Due to the “no-law” system adopted by the U.S. in respect of general data protection and privacy, the government is able to legally circumvent the Fourth Amendment and gain access to data especially when obtaining such data would otherwise not withstand “reasonable” standard. Since the parameters and particularities of the data obtained are not regulated, this practice (of data purchases) is not subject to the same judicial or other legislative oversight mechanisms to ensure that individuals’ civil rights and liberties are upheld. In addition, when the government buys data (as opposed to compelling disclosure), the typical democratic safeguards around retention, minimization requirements or standards, deletion and transparency are not applicable.

Without any constitutional safeguards and democratic accountability, this practice becomes troublesome and concerning since data aggregation allows for an almost unprecedented range of surveillance which needs to be restrained. The Fourth Amendment has struggled to keep pace with the novel privacy issues linked to the evolving surveillance technology and so it falls upon the U.S. Congress to restore the principles and true essence of the Fourth Amendment. As a first step, it is crucial to regulate the way data is queried by the government – indiscriminate and general transmission of data from private sector to the government needs to be stopped. While some steps have been taken by lawmakers in this direction, at present these are far from being law. The most important being the “Fourth Amendment Is Not For Sale Act” (which while has now passed in the House but still faces a lot of opposition), that would prohibit law enforcement and intelligence agencies from purchasing communications content, location data, and other highly sensitive data that would otherwise require a warrant. The bill would also limit the government’s ability to create workarounds in the future by establishing some mechanisms as the exclusive means by which government may acquire information about the people in the U.S. However, it only focuses on data purchases, and does not, in this form, apply to other type of voluntary disclosures by data brokers or app developers – which might be an arrangement that brokers might want to establish contact or rapport with the government.

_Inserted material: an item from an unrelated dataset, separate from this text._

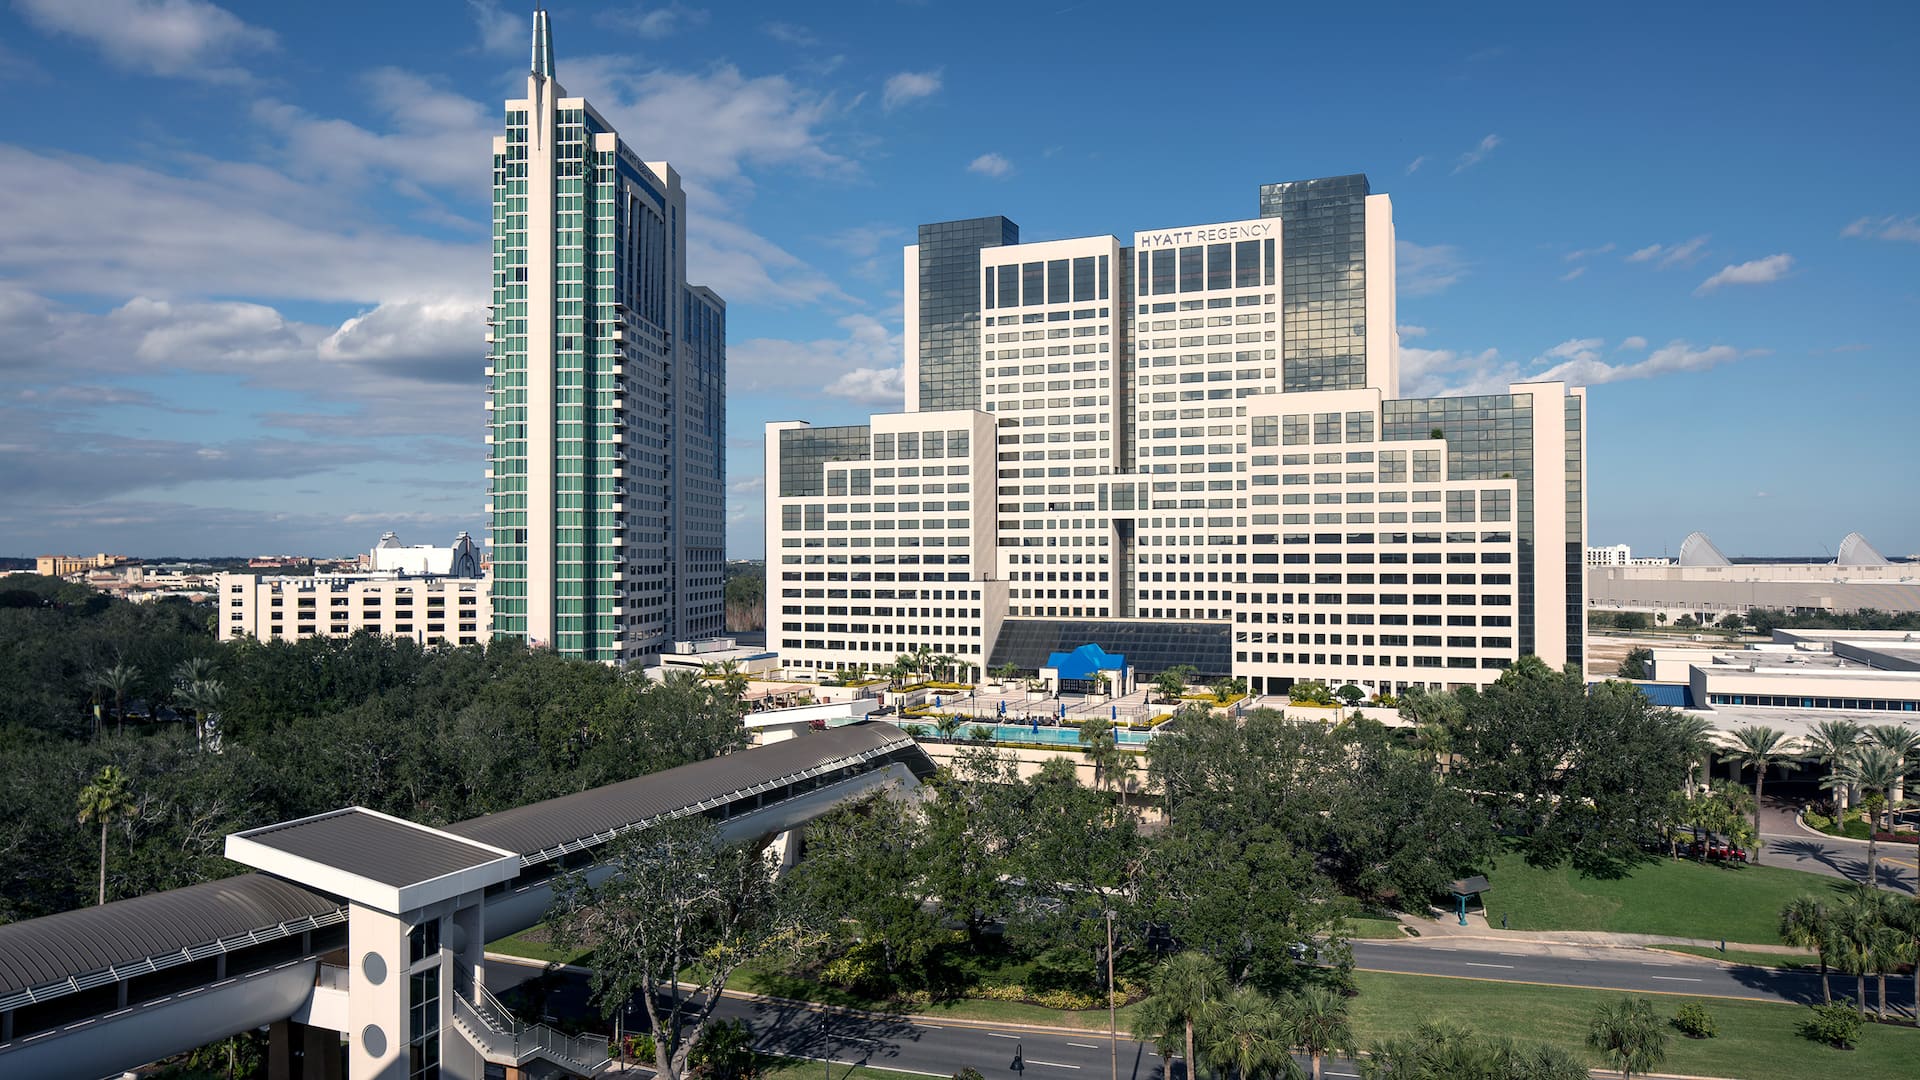 4Star Hotels in Orlando Florida on International Drive Hyatt Regency

Given the fast paced natured of technology and data transactions, and given further the gestation period of a legislation, it is imperative to bring in short term as well as long term measures. In the short term, Congress could affirm that voluntary disclosure of data sets by data brokers are subject to constitutional and statutory constraints and could impose some sanctions on enforcement actions taken on the basis of data not obtained by following constitutional safeguards. In the long term, in addition to FISA, the U.S. Congress should address privacy concerns by introducing a comprehensive data privacy and security framework applicable to all data collectors and processors. While inspiration should be taken from GDPR, it is also important to ensure that the protections which have turned out to be toothless (such as, sharing data with the government “for lawful purposes”, sweeping powers of the government and opt out right / right to be forgotten) should be carefully considered and bolstered in favor of the data subjects.